From there click on "Options" Tab.

You can also click on Examples, Calculations and just go nuts reading all the provided info.

I might suggest you look around the forum at traders that employ straight-up selling of naked options and ask yourself if you're prepared to handle the volatility and responsibility. 




> Would IB care if I sold a ton of naked puts without the cash in the account, as long as they were all still out-of-the-money?


They don't care what you do as long as it meets the margin requirements - see above links.

Here's the link to the commission's page for IB. Remember the check the details of costs with respect to options, routing etc.

http://individuals.interactivebrokers.com/en/p.php?f=commission


----------



## metatheta (Oct 1, 2012)

I use IB for order execution because it is the lowest commission I can find. However, I find that the commission they charge me is unpredictable. For example, I sold 2 FB puts last month for 0.02 commission filled at the BATS exchange. That's right, two cents, wow. When I bought it back after the earnings pop, it was filled at the NASDAQ exchange for 3.10 commission.

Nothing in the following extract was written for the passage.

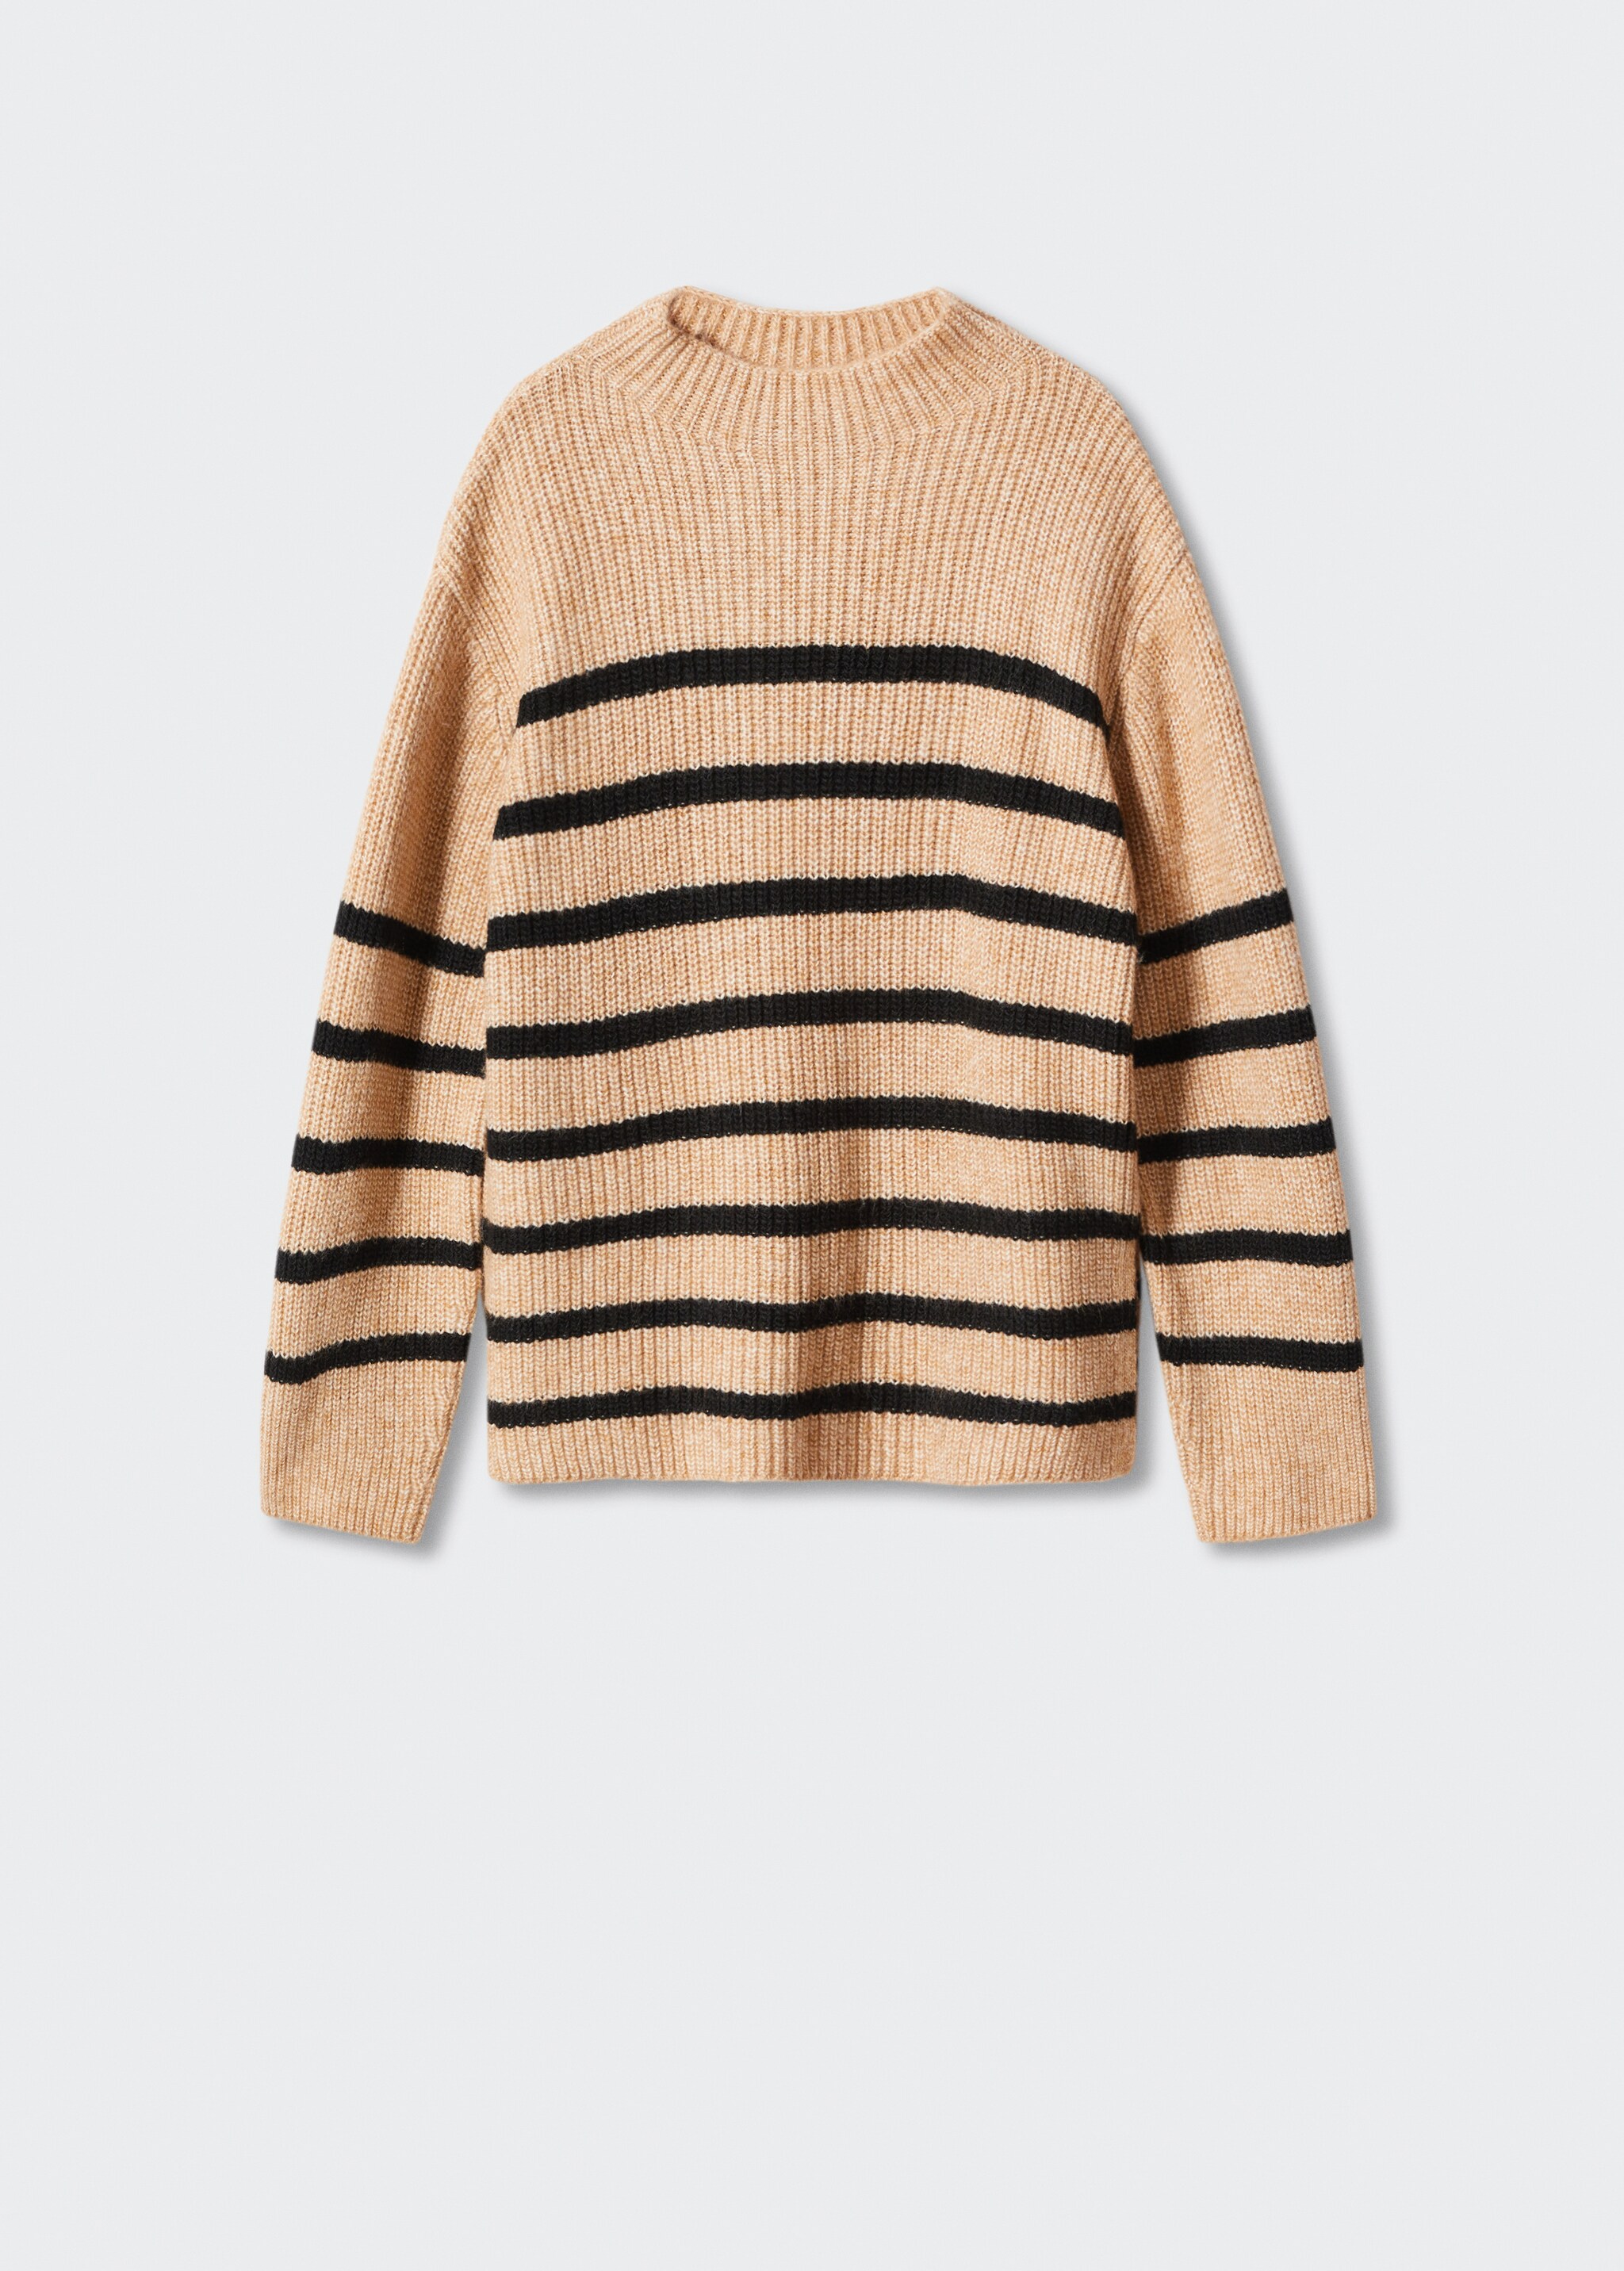 Striped knit sweater - Article without model

For commission intensive multi-leg trades like iron condors, I get an average of 0.70 per contract to 1.50 per contract. I find that the worst commissions are charged by the PSE exchange. Yeah, its the worst commission and it seems that most of my fills are done at the PSE!

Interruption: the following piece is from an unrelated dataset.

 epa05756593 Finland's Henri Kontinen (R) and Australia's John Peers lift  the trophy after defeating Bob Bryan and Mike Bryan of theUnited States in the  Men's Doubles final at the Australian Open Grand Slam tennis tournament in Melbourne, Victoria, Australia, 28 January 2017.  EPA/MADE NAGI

I asked about the unpredictable commission charges and all they told me was that you get charged more when removing liquidity and get rebated when adding liquidity. I've placed limit orders outside the bid/ask prices and still find it unpredictable when it eventually gets filled.

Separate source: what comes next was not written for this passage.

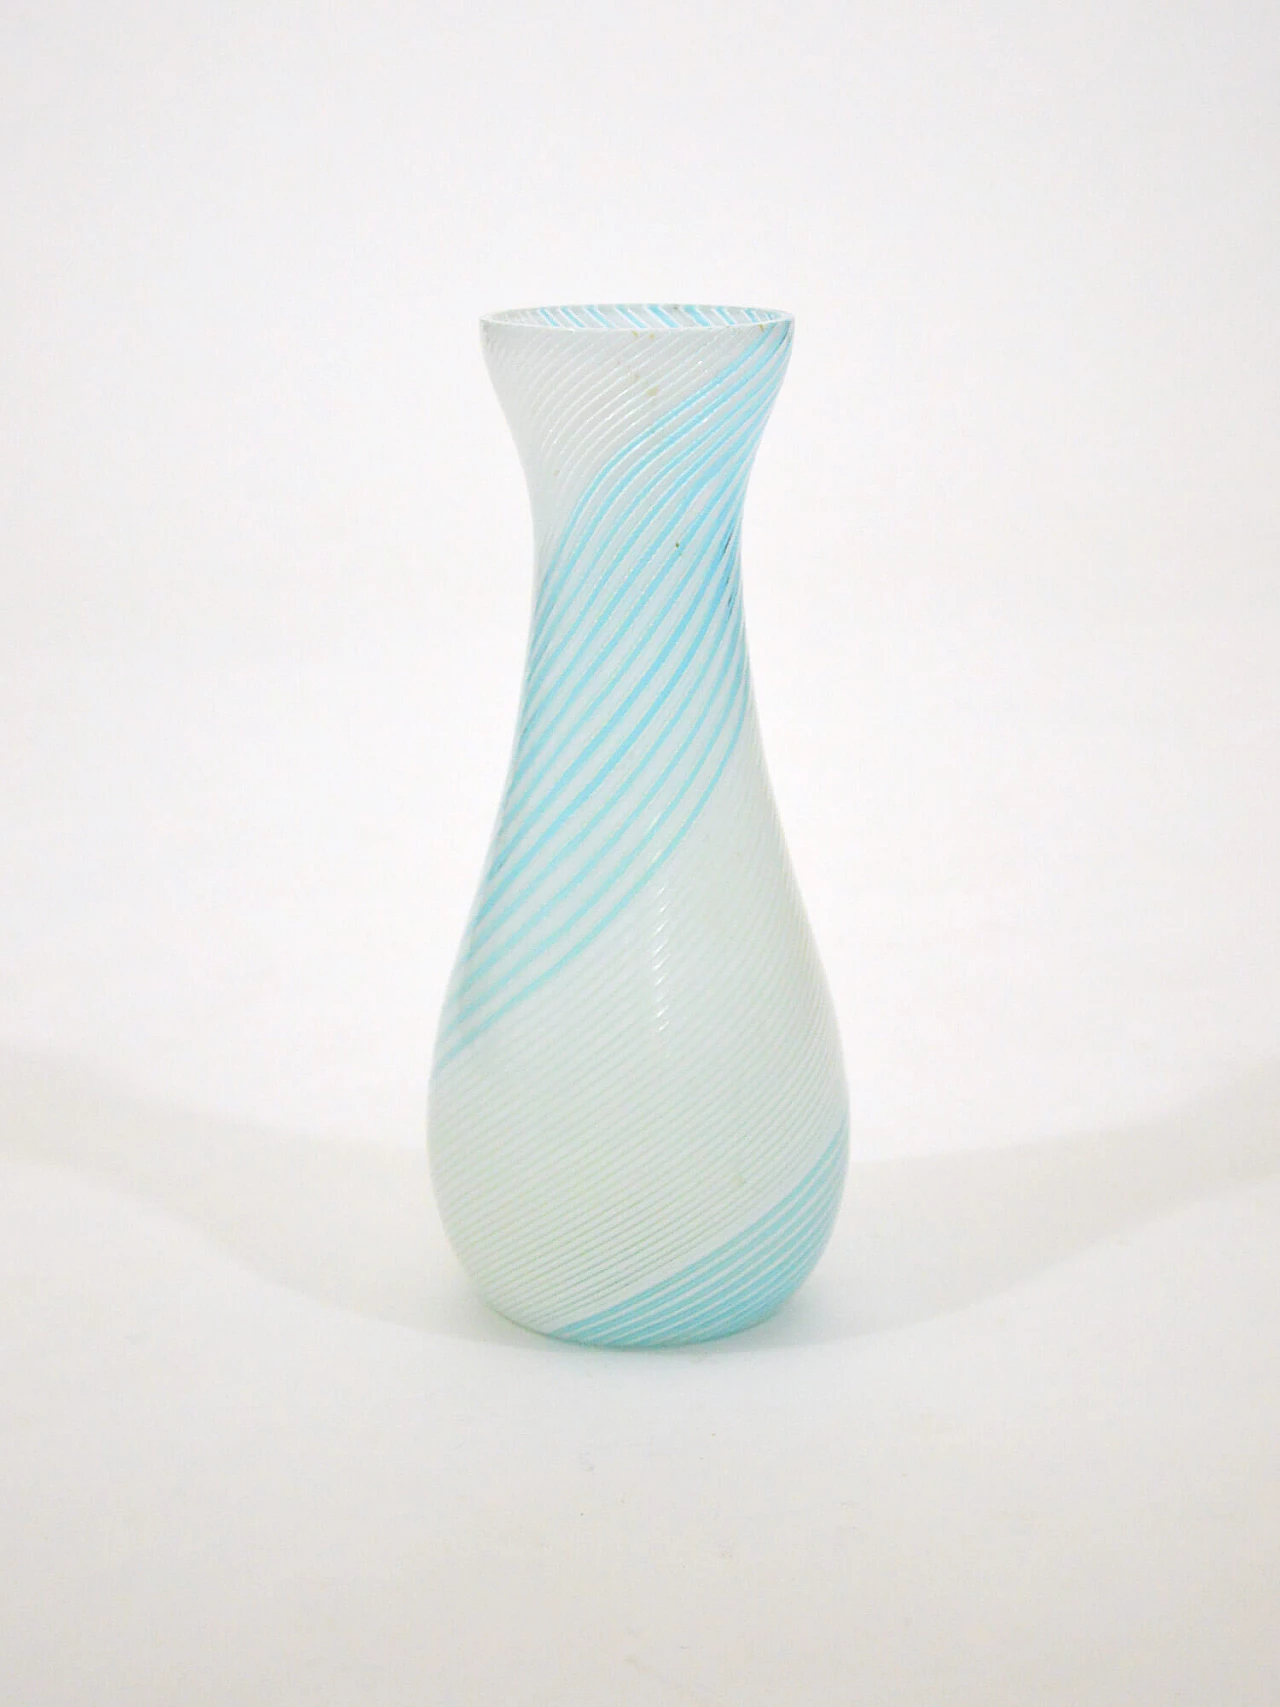 Murano glass vase by Dino Martens for Aureliano Toso, 1950s 2

I've tried routing the order directly to an exchange rather than using their SMART routing. I found it more predictible at a higher commission. I went back to SMART routing because I sometimes get lucky with a super low commission like the FB trade.

Furthermore for single leg orders, they charge a cancellation or modification fee. It makes me think twice about placing a limit order because I may have to cancel it or adjust it should I change my mind. If they are day orders that do not get filled, they cancel without fee. Luckily for combo spread orders, they do not charge cancellation and modification fees.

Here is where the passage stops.